**GIVEN INFORMATION**
+ + + + + + +

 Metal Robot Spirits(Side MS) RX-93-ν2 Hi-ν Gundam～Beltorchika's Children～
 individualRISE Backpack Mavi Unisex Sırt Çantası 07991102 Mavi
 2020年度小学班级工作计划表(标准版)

+ + + + + + +

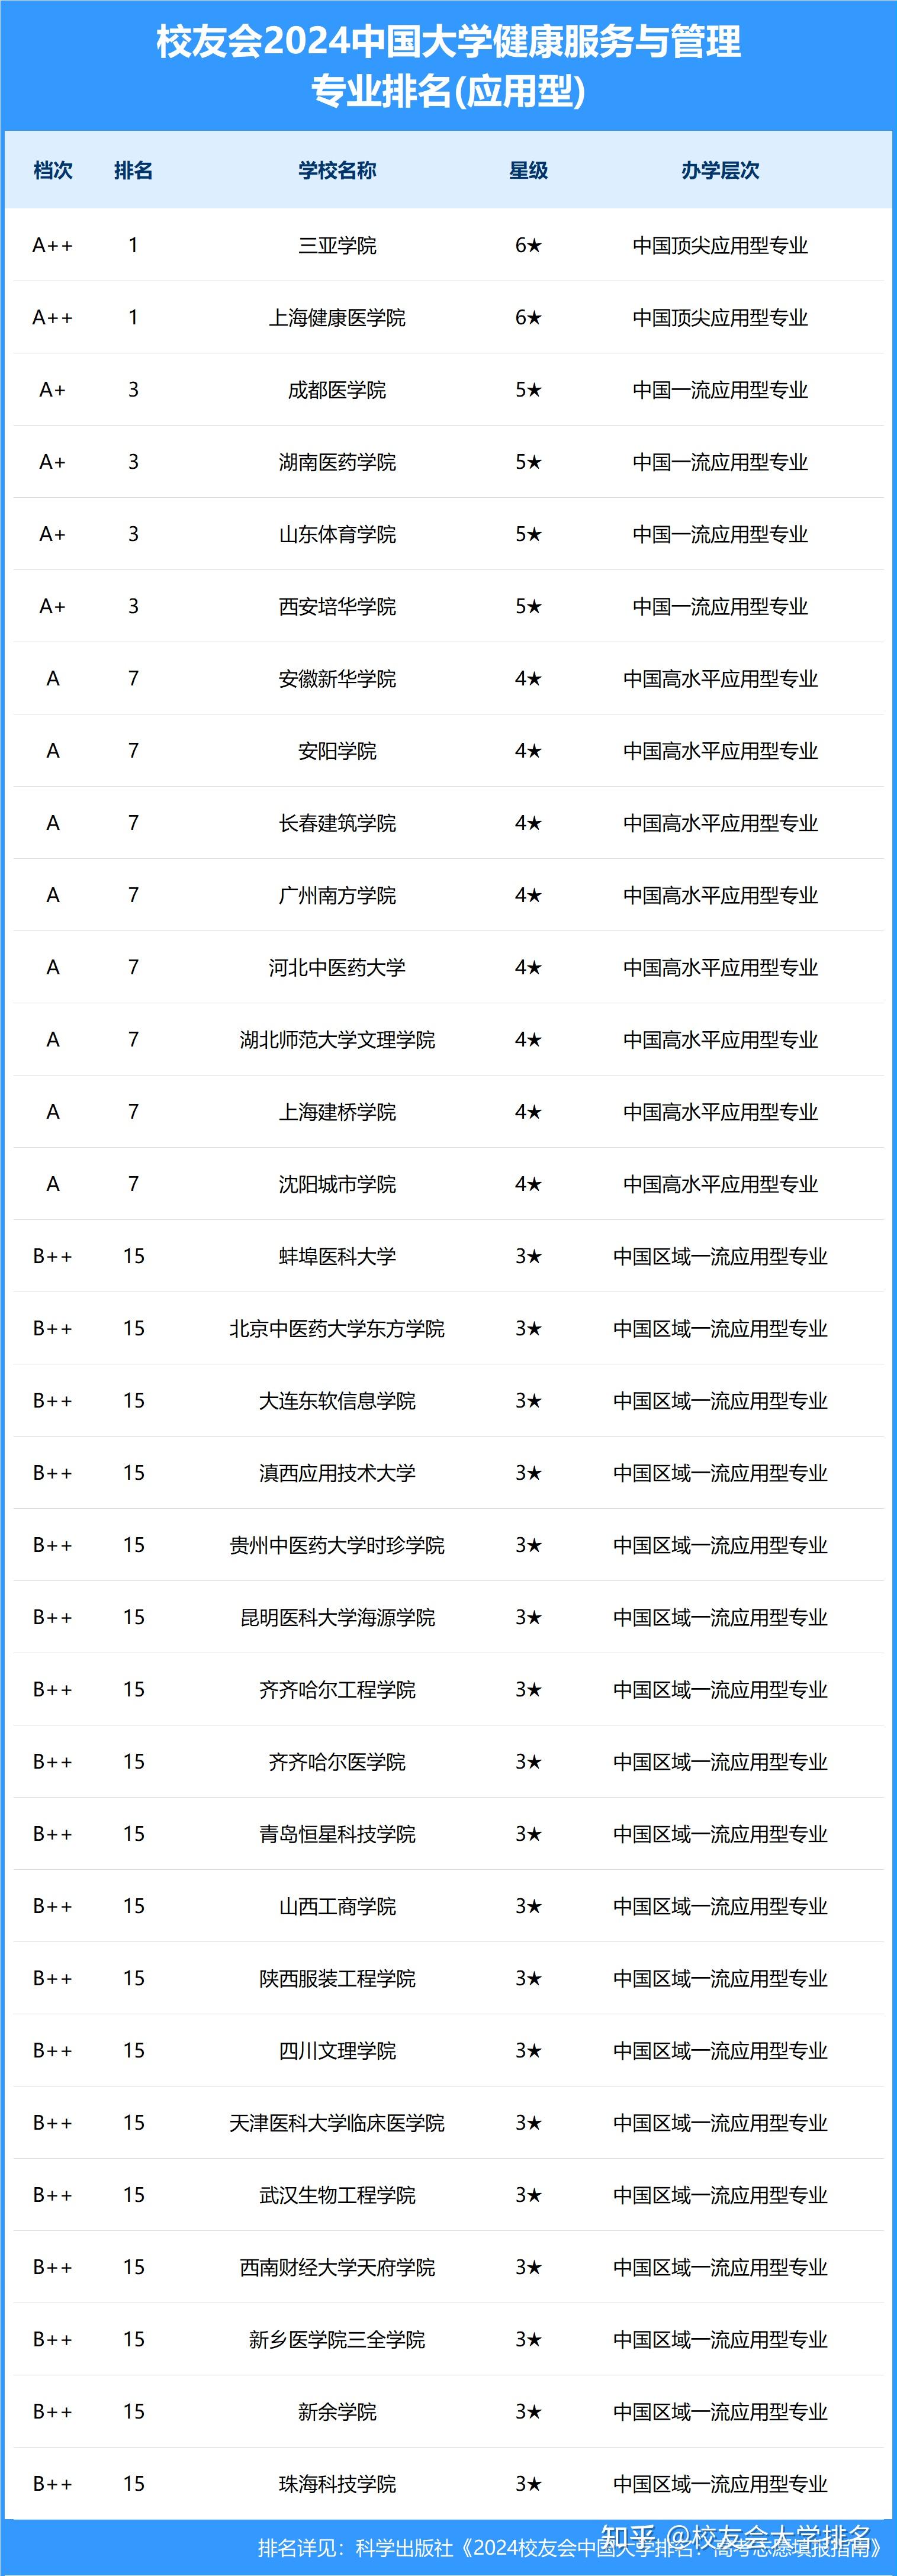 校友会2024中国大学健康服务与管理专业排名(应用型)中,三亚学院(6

+ + + + + + +

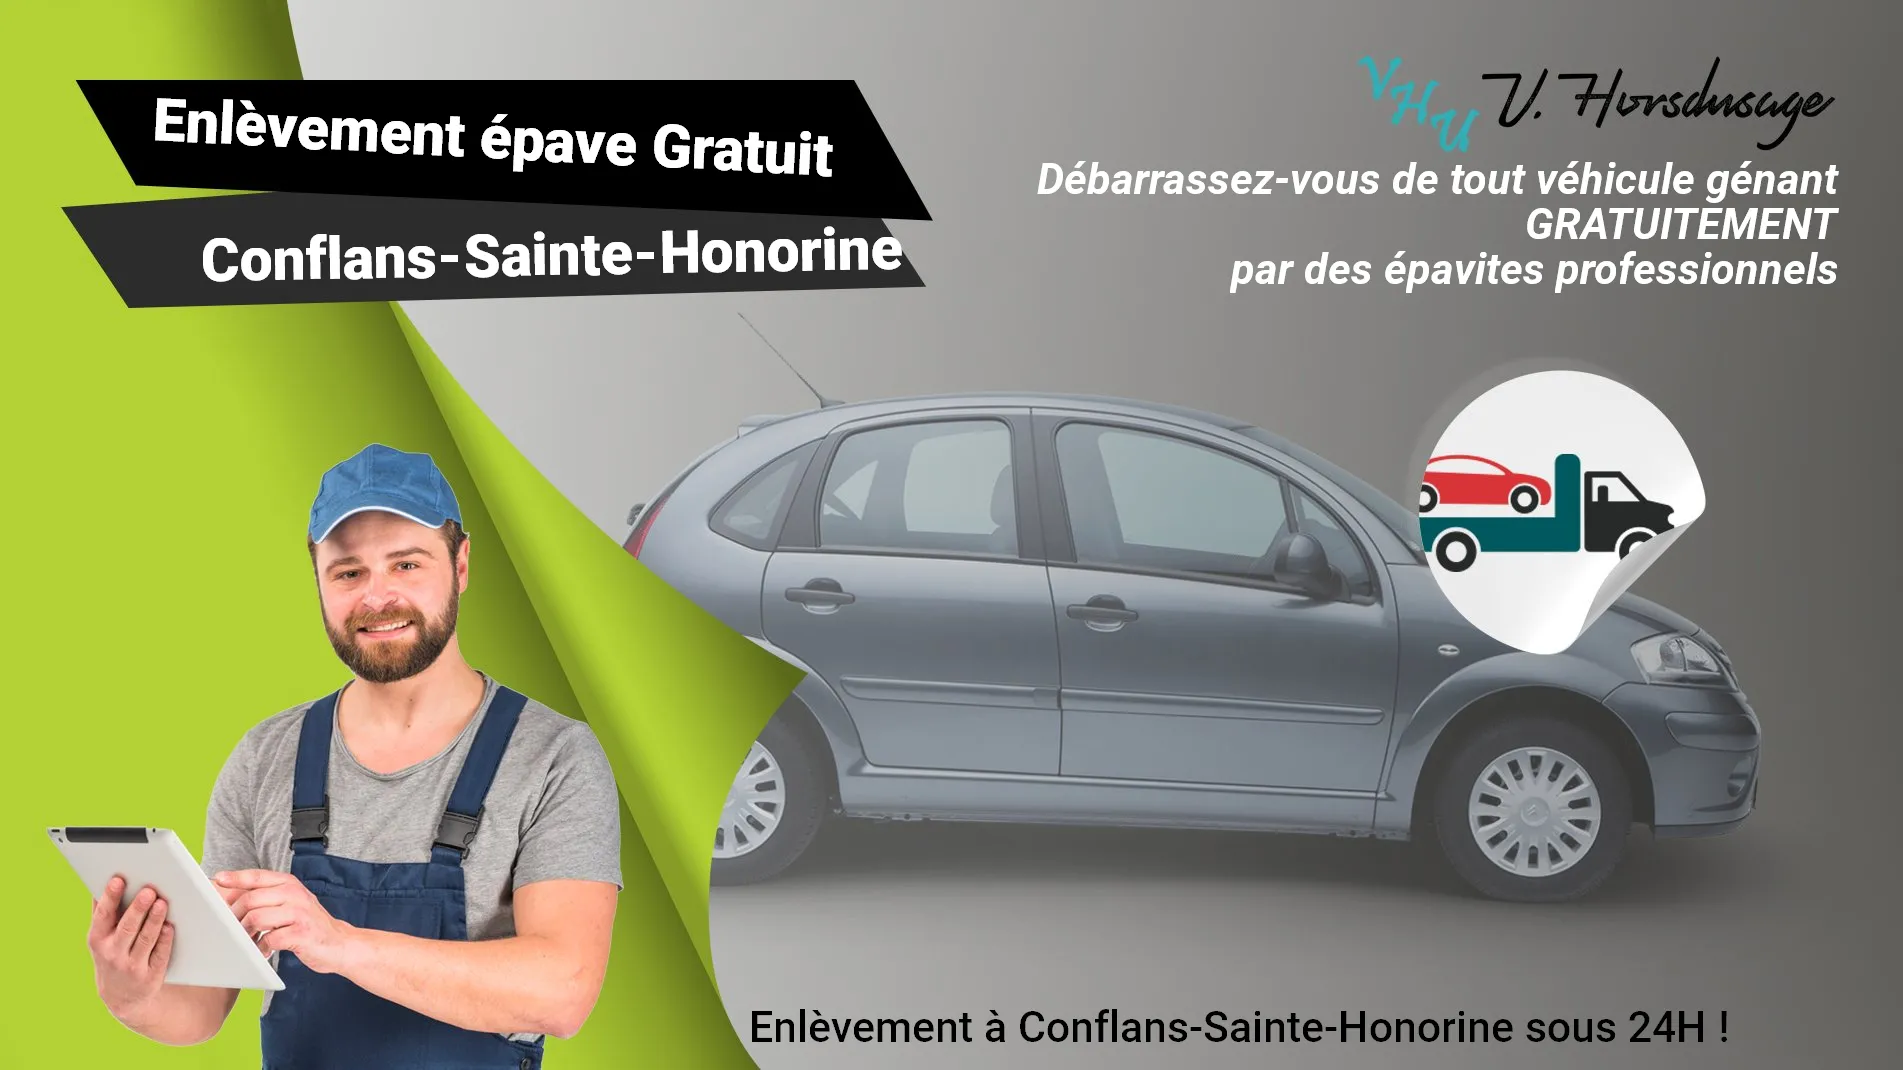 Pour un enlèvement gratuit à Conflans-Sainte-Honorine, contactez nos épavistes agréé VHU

+ + + + + + +

**EXERCISE PROMPT**
Every line above from the line with "Metal Robot Spirits(Side" to the line with "2020年度小学班级工作计划表(标准版)" is wanted, ends included; write them out exactly and add no other line.

**EXERCISE ANSWER**
 Metal Robot Spirits(Side MS) RX-93-ν2 Hi-ν Gundam～Beltorchika's Children～
 individualRISE Backpack Mavi Unisex Sırt Çantası 07991102 Mavi
 2020年度小学班级工作计划表(标准版)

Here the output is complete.